Es muy grave que quienes se saben capaces de manipular el sistema informático se hayan convencido de que nada ni nadie los puede delatar. Parecería que ahí no han querido recordar o no han tomado en cuenta aquello de que, enojados los compadres, se confiesan luego las verdades.
¿No pasará, acaso, por ahí lo que acontece en el Consejo Nacional Electoral? Es muy grave que quienes se saben capaces de manipular el sistema informático se hayan convencido de que nada ni nadie los puede delatar. Parecería que ahí no han querido recordar o no han tomado en cuenta aquello de que, enojados los compadres, se confiesan luego las verdades.
Pero también se produce cierta ingenuidad del avestruz que cree que porque oculta la cabeza en la tierra ha desaparecido el peligro. Los niños se tapan los ojos para que desaparezca el enemigo. Por ende, las revelaciones sobre las graves fallas detectadas en el sistema informático que transmitió al país los resultados son tratados como pequeños incidentes sin mayor relevancia.
Ese es precisamente el meollo del problema: las fallas en los procesos electorales en su conjunto son tratados como si fuesen pequeñas fallas del sistema informático cuando en verdad son alteraciones muy graves del sistema ético y político. La primera de ellas consiste en mantener como secreto de Estado las irregularidades que habrían acontecido en el proceso de transmisión de resultados de los últimos comicios.
Cuando están de por medio intereses particulares, no importan las observaciones sobre las fallas y los incidentes producidos en un proceso electoral. Tanto no importan que, sin embargo, se los mantiene en secreto. Porque esa es la manera más sabia de mantener una sociedad alejada de la duda del necesario reclamo.
El país entero fue colocado al margen de los conflictos tecnológicos que se habrían producido al inicio mismo del proceso electoral último.
Y sus responsables farisaicamente se lavan las manos. Y no ha pasado nada. Por lo mismo no hay nada que criticar ni juzgar ni condenar. Más aun, ni siquiera nada que saber, lo que constituye quizás lo más grave.

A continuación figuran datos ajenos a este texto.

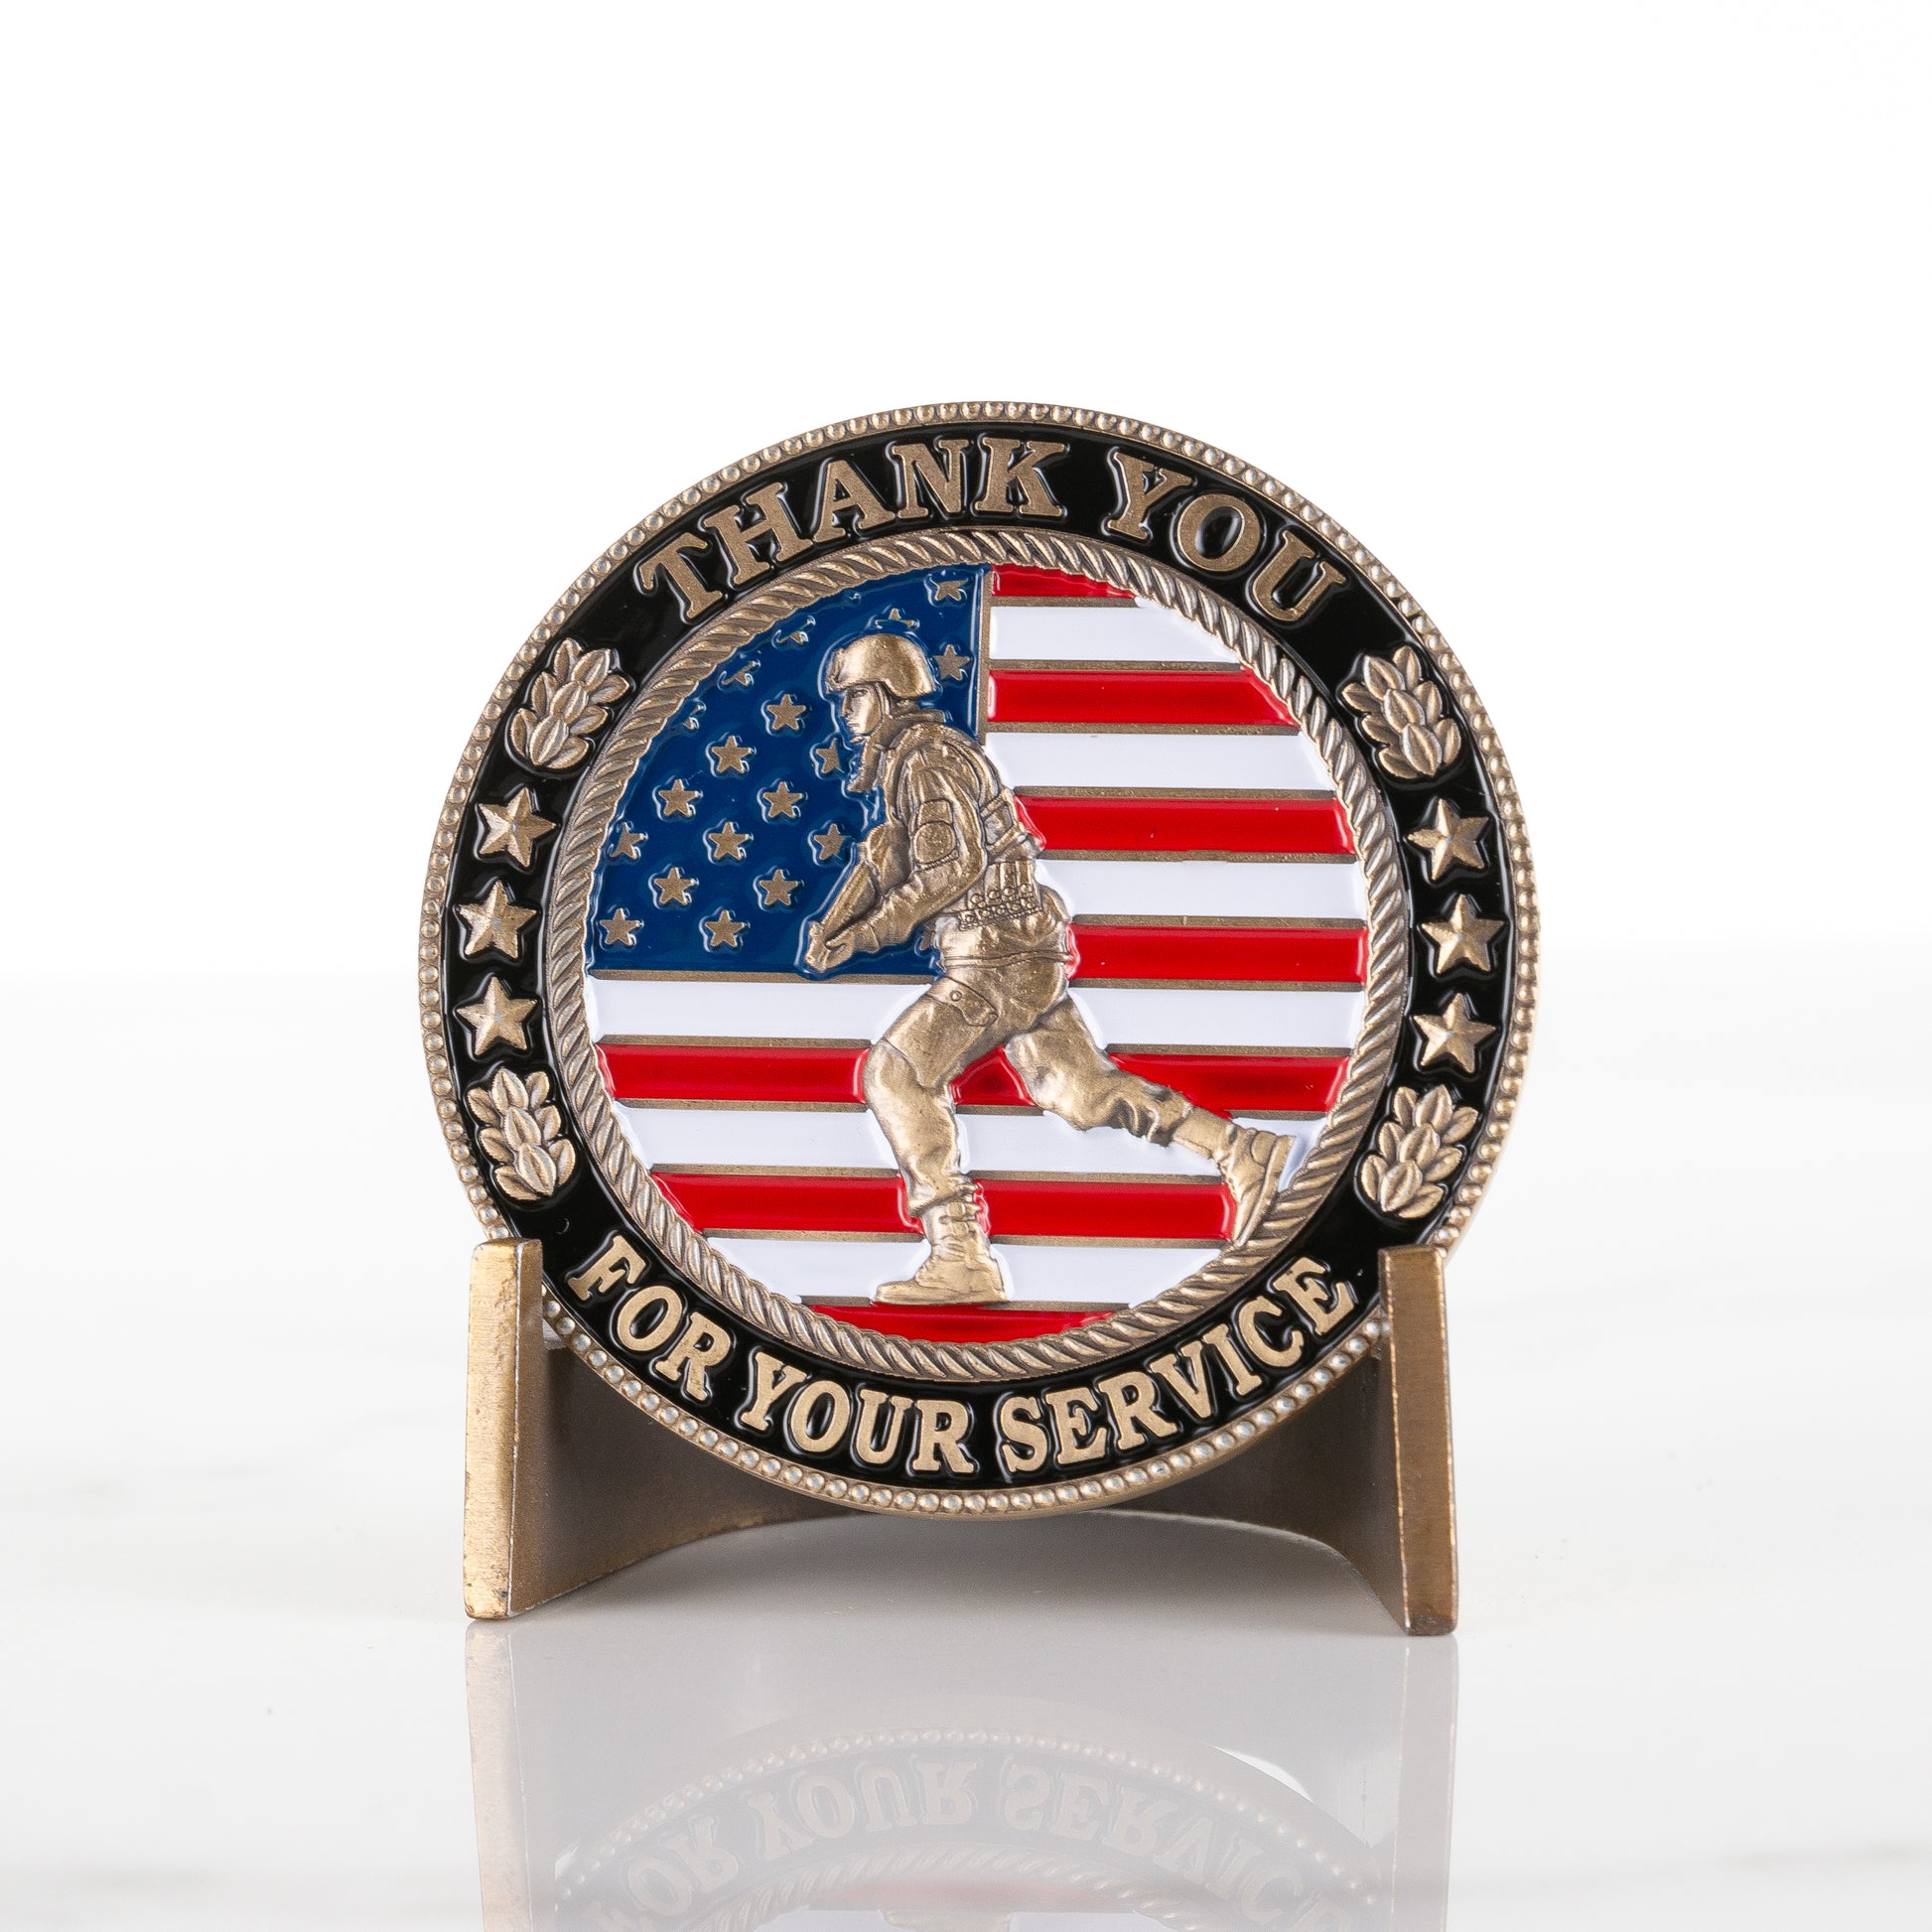 thank you coin for veterans

Pertenece al ámbito de lo corrupto todo aquello que se hace bajo el paraguas del secretismo. Como si los dineros del Estado no fuesen públicos, como si los medios utilizados para garantizar elecciones honestas y confiables no fuesen también públicos tanto como los resultados electorales.
Como si no fuese corrupto incluir en los padrones electorales a ciudadanos fallecidos y además otorgarles el derecho al voto e incluso contabilizarlo al final del día.
Existe una conciencia pública que juzga el bien-hacer y mal-hacer. Por ende, no es ni justo ni sano que ciudadanos que juegan con la ética pública sigan al frente de funciones que sostienen al Estado, su moral y su credibilidad.